= Samuel H. Gruber =

American biologist (1938–2019)

Samuel H. Gruber (May 13, 1938 – April 18, 2019) was a shark biologist and founder of the American Elasmobranch Society. He was a professor at the University of Miami's Rosenstiel School for Marine and Atmospheric Science and the founder of the Bimini Biological Field Station Foundation.

== Biography ==
Dr. Gruber hailed originally from Brooklyn, New York, and grew up in south Florida. He entered college in 1956, studying first at Emory University and then earning his B.S. in zoology from the University of Miami. He followed up in quick succession with his M.S. and Ph.D. in marine science from the then called Institute of Marine and Atmospheric Science, again at the University of Miami. He held several positions there and completed a postdoctoral fellowship at the Max-Planck Institute for Behavioral Physiology, Seewiesen, Germany, where he was a behavioral researcher under Nobel Laureate Professor Dr. Konrad Lorenz.

== Research ==
Gruber was a recognized authority on shark science, having completed 49 Atlantic research cruises and 170 scientific publications. He has specialized in shark behavior, anatomy, sensory systems, tracking, and shark repellents. Gruber is perhaps best known for his studies on habitat selection and homing behavior of lemon sharks and eagle rays around the Bimini Shark Lab.

== Institutions ==
In 1983 Gruber founded the American Elasmobranch Society (AES). The AES is the world's largest association of shark and ray scientists. Gruber established the now world-famous "Shark Lab" in 1990, after successfully battling malignant lymphoma.
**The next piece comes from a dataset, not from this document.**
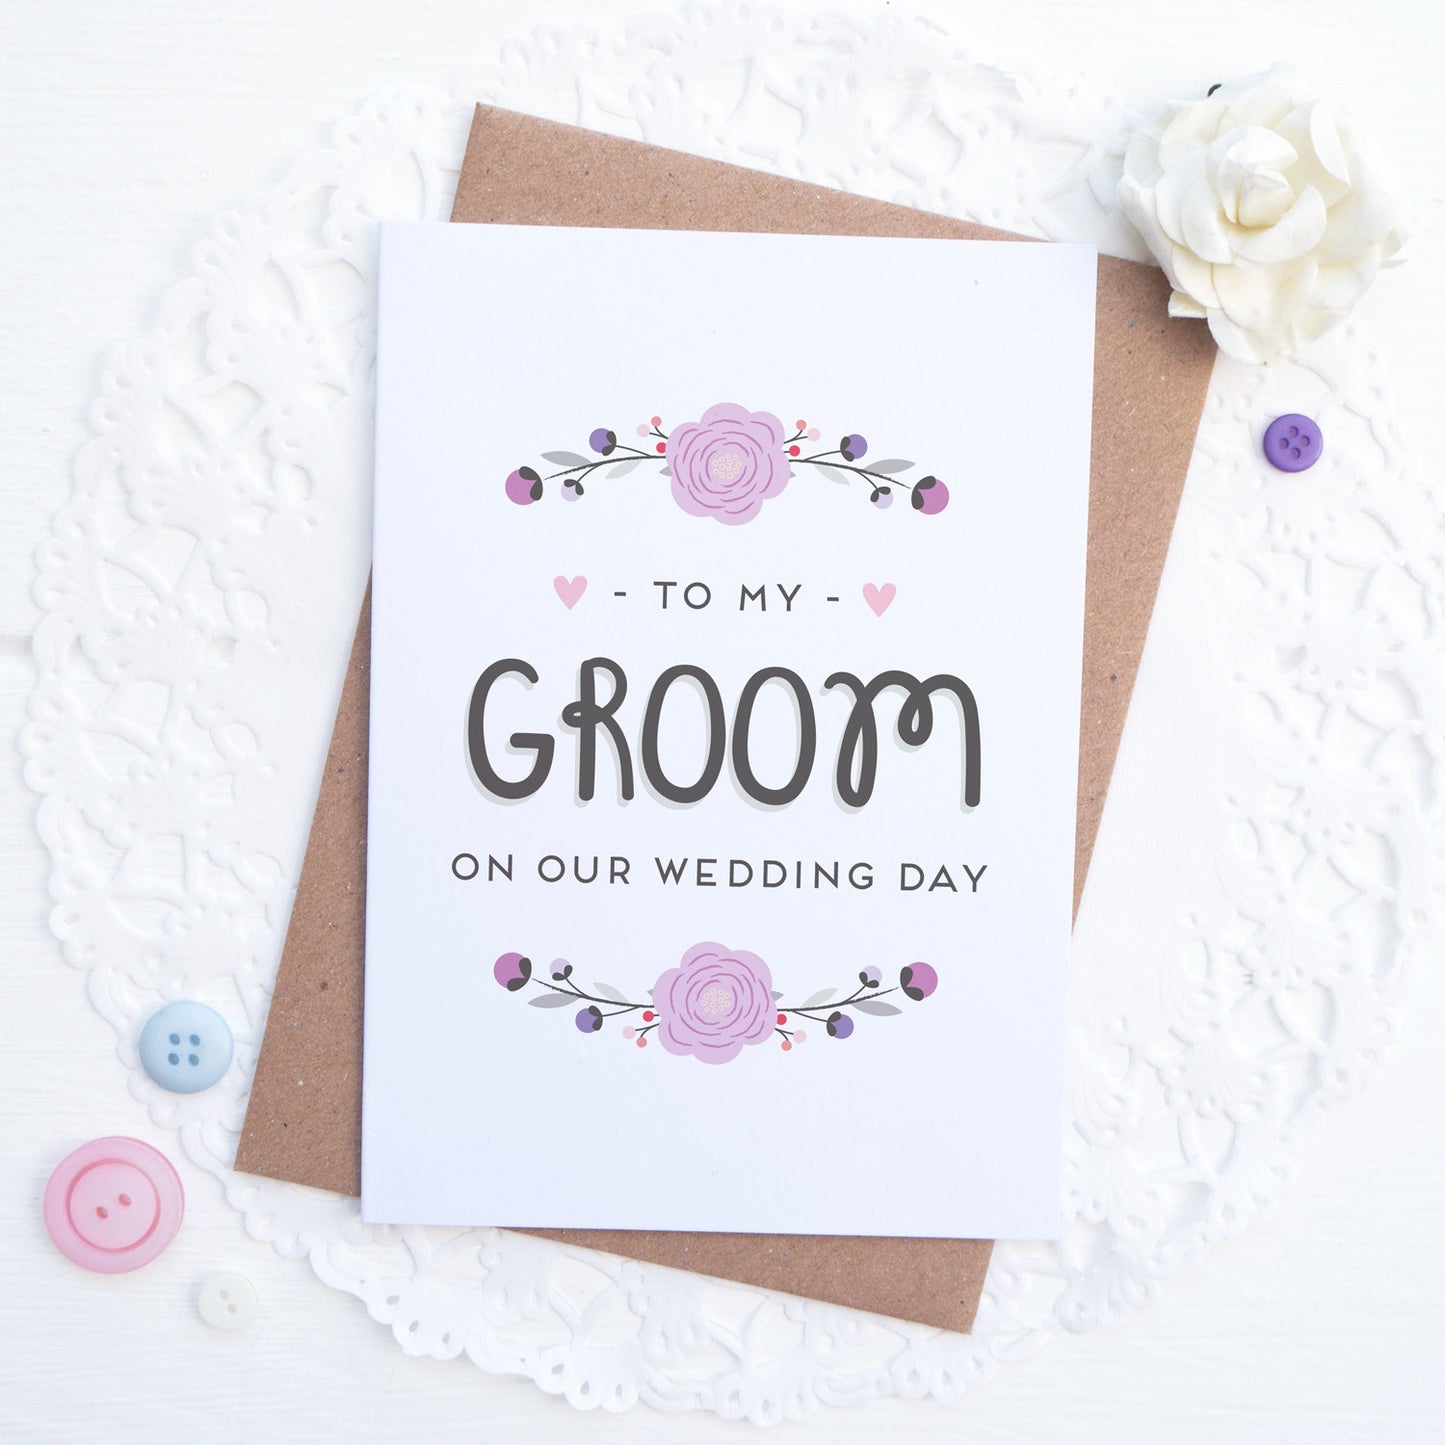 To my groom on our wedding day card in purple

The next year he helped found and served as the first chair of the International Union for Conservation of Nature (IUCN) Shark Specialist Group.

== Media appearances ==
In August 2008, Gruber appeared on the History Channel's documentary series, Evolve episode 4, entitled "Sex". Gruber has also made several appearances on television programs for Discovery Channel's Shark Week, including an appearance in Sharkman, in which Michael Rutzen attempts to learn how to hypnotize sharks, and in the show 10 Deadliest Sharks, where he describes the behavior of lemon sharks. He also made an appearance in 2008 on the Discovery Channel MythBusters, also during Shark week.